RECORDS PROVIDED:
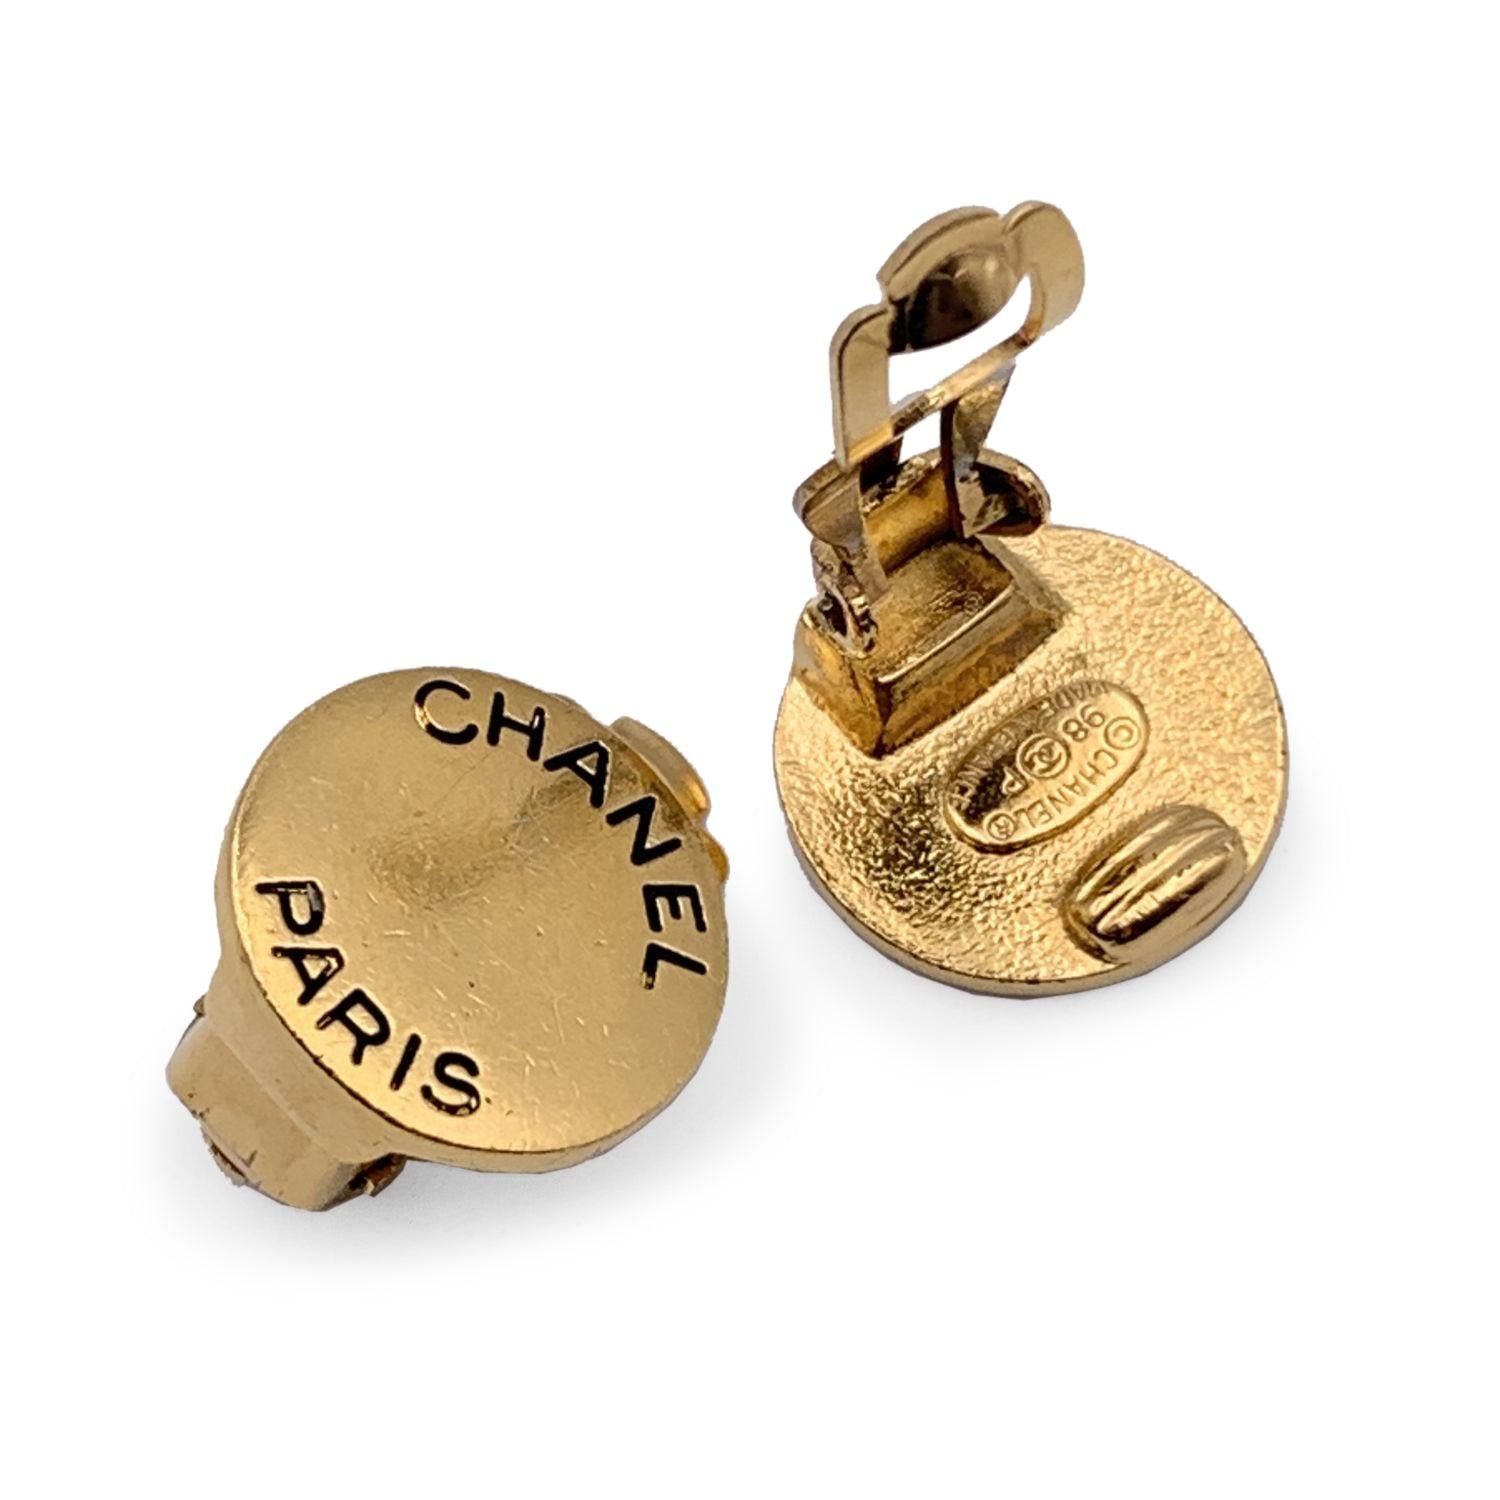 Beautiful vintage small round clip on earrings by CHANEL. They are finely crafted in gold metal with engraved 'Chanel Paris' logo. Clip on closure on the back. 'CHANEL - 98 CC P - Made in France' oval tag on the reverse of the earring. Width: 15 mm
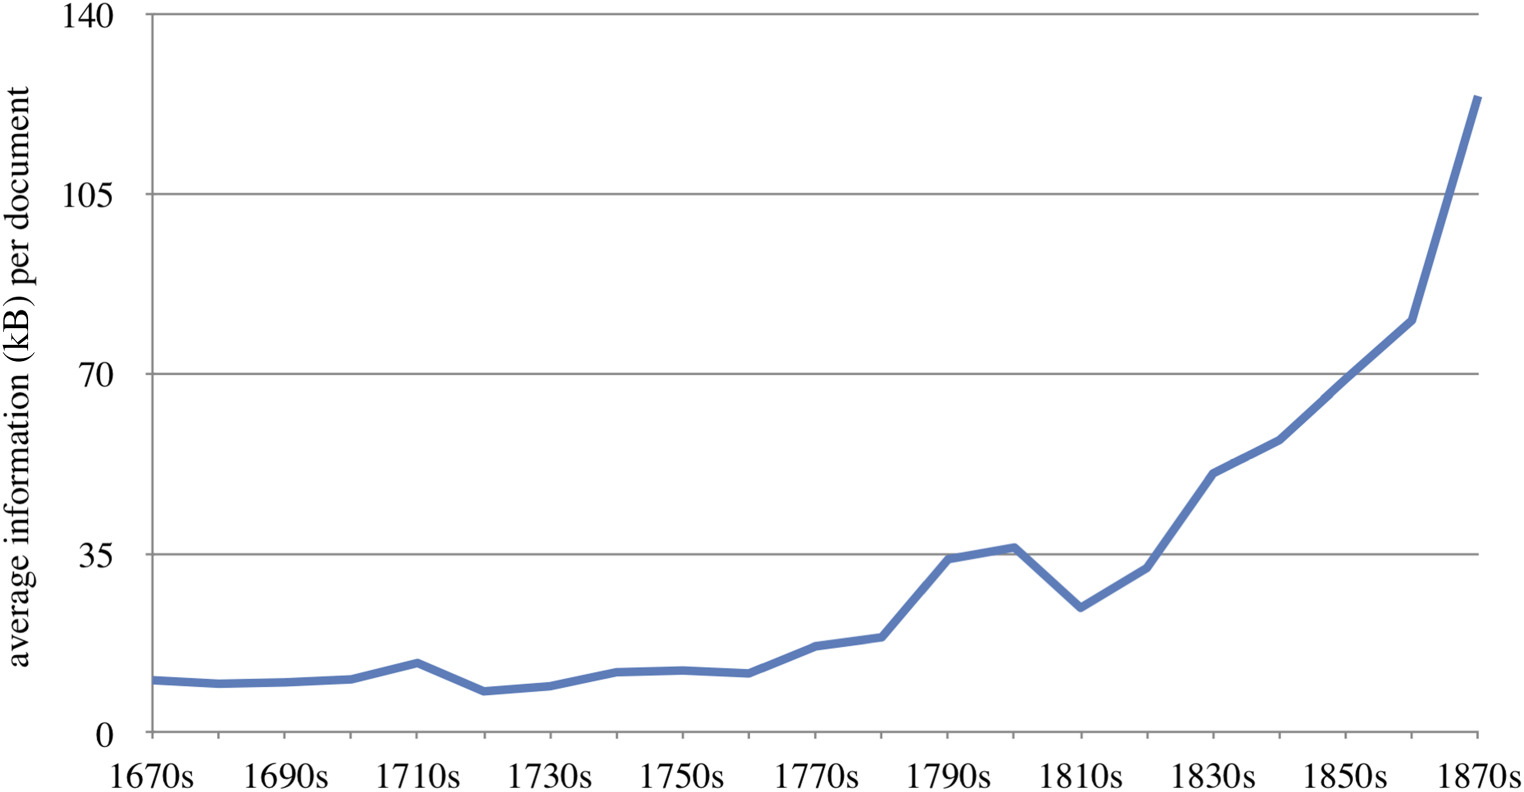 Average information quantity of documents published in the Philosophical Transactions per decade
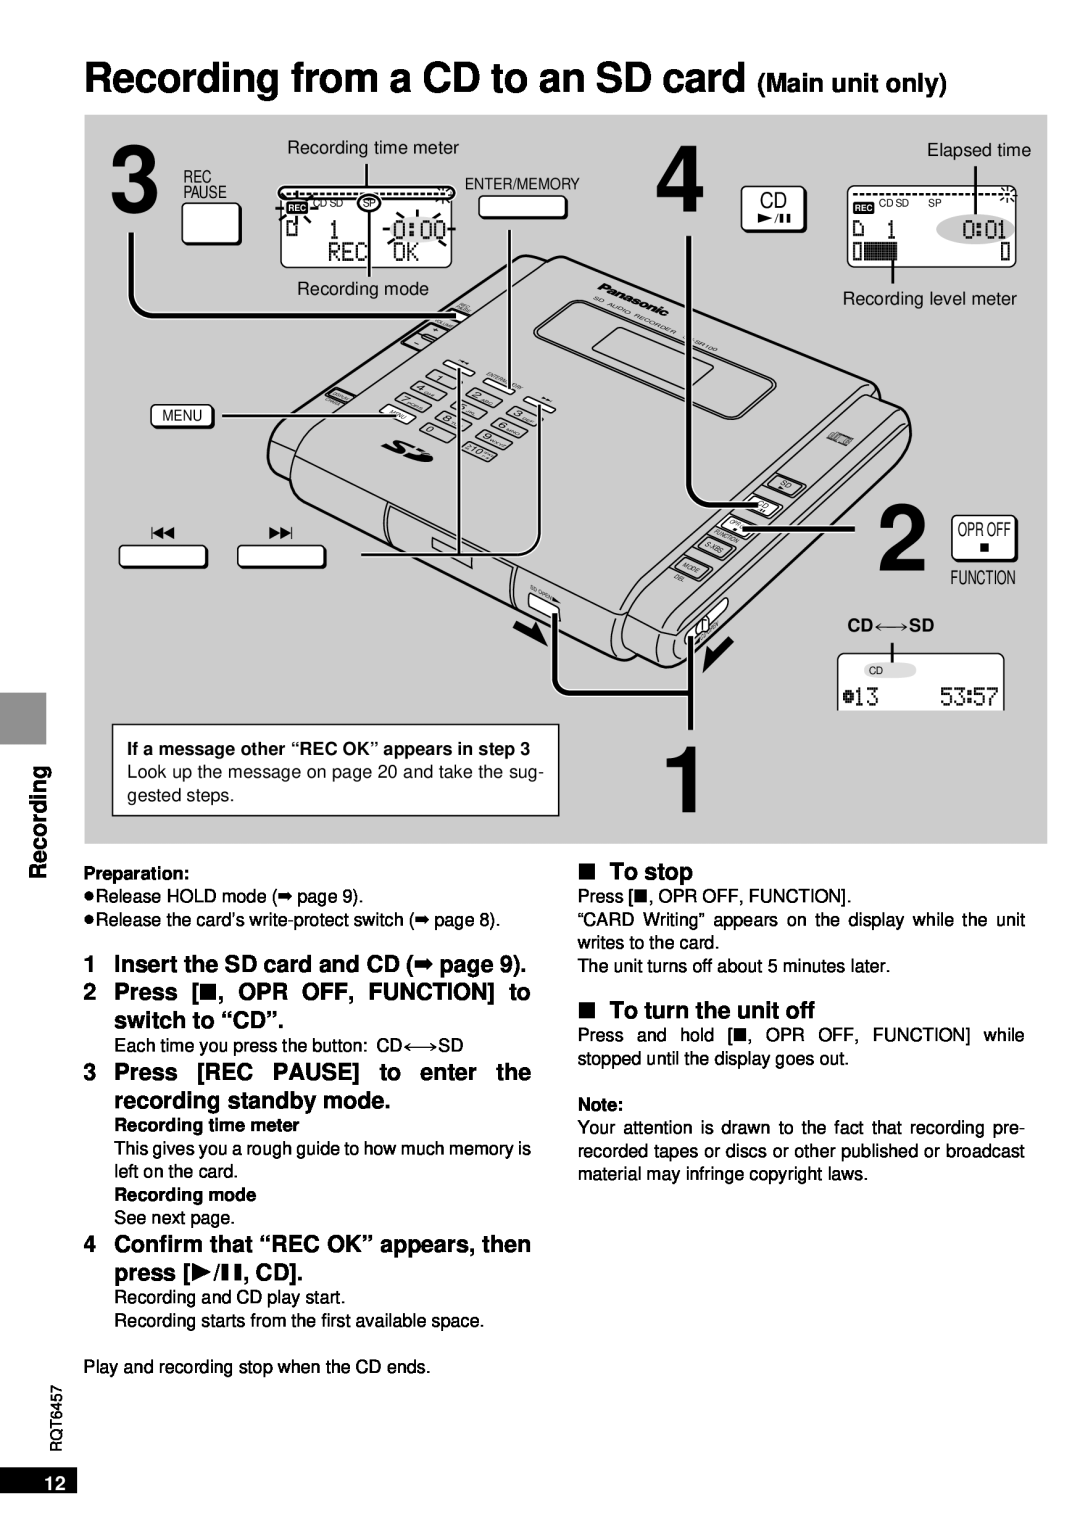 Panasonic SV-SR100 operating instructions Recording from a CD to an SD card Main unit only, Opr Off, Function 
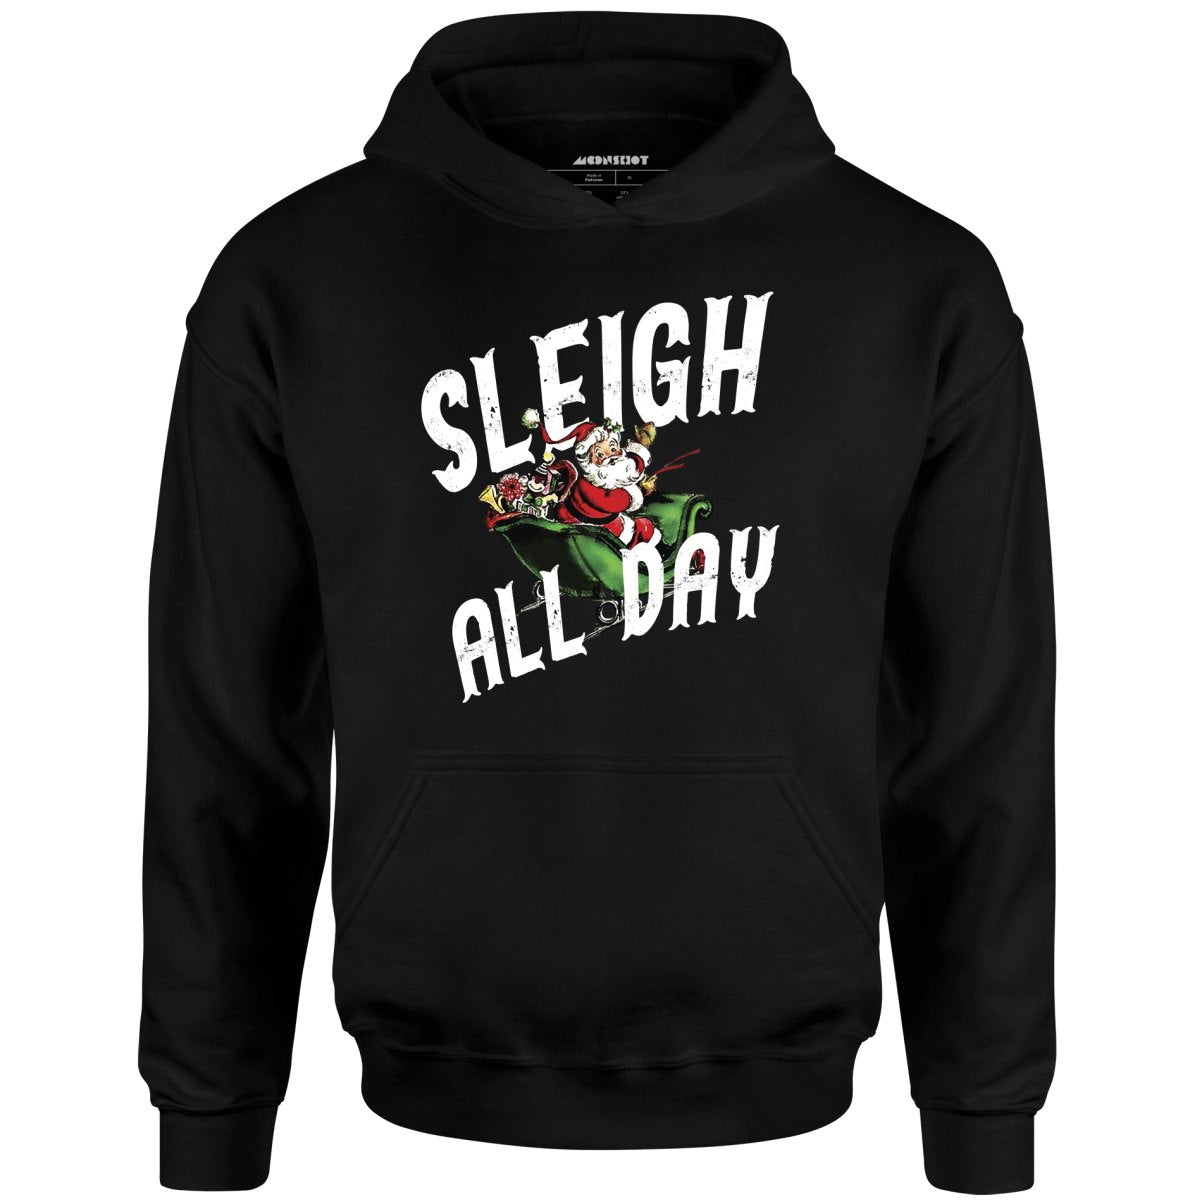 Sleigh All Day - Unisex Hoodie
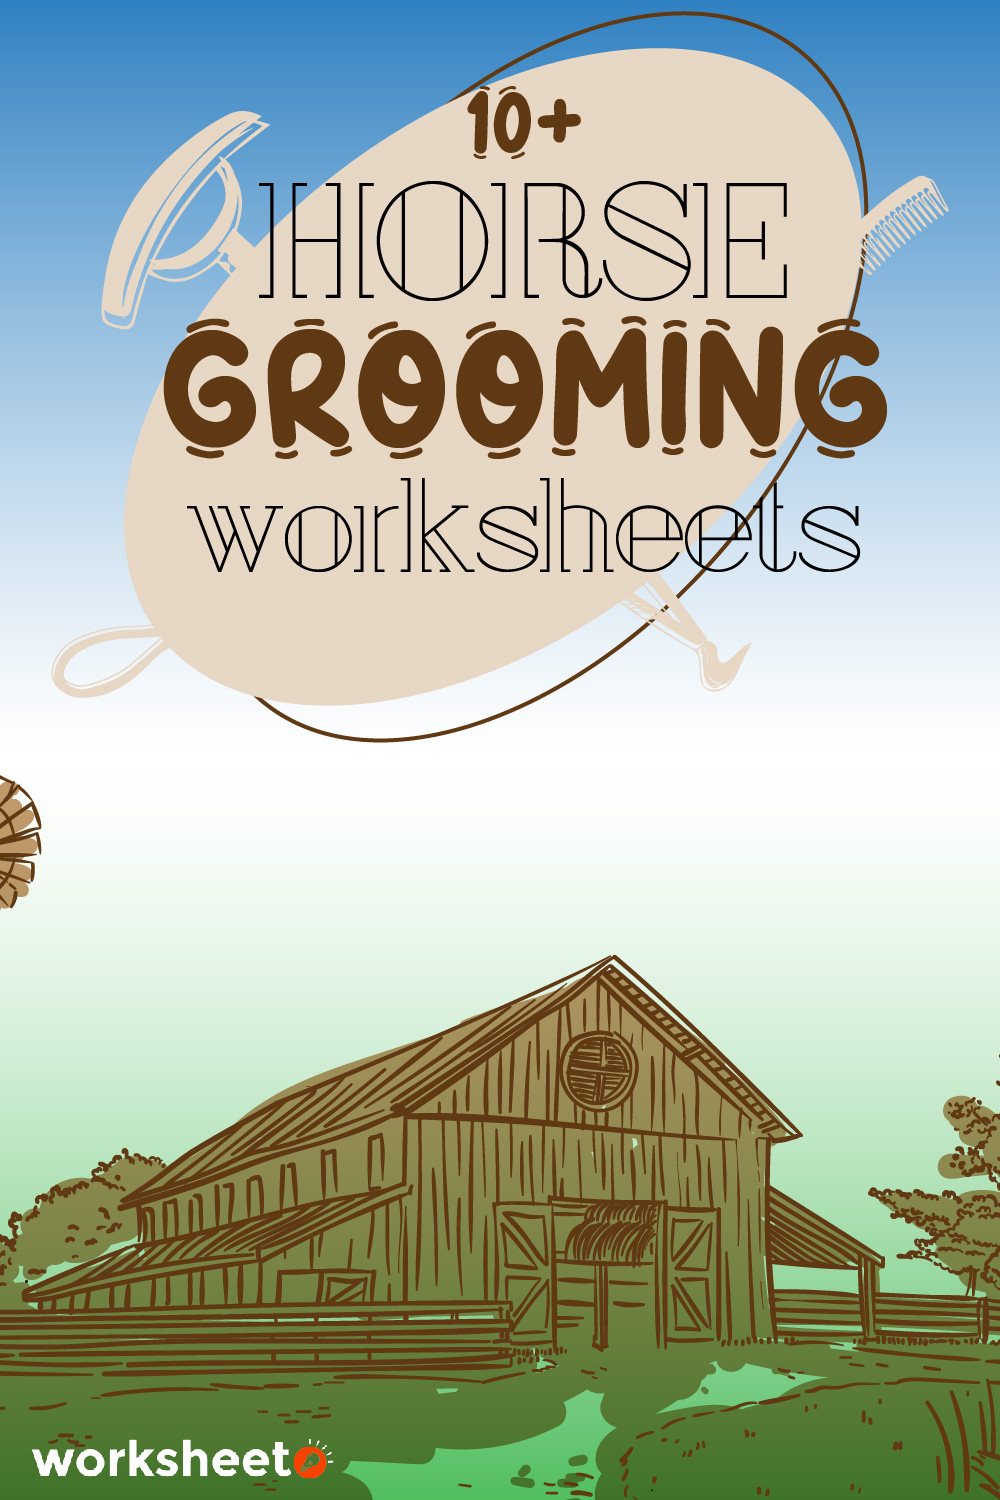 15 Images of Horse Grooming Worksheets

TRY IT: Word for word, restate only the lines from the one bearing "Sleigh All Day - Unisex Hoodie" through the final line of the listing, inclusive, with no pictures.

THE ANSWER:
 Sleigh All Day - Unisex Hoodie
 15 Images of Horse Grooming Worksheets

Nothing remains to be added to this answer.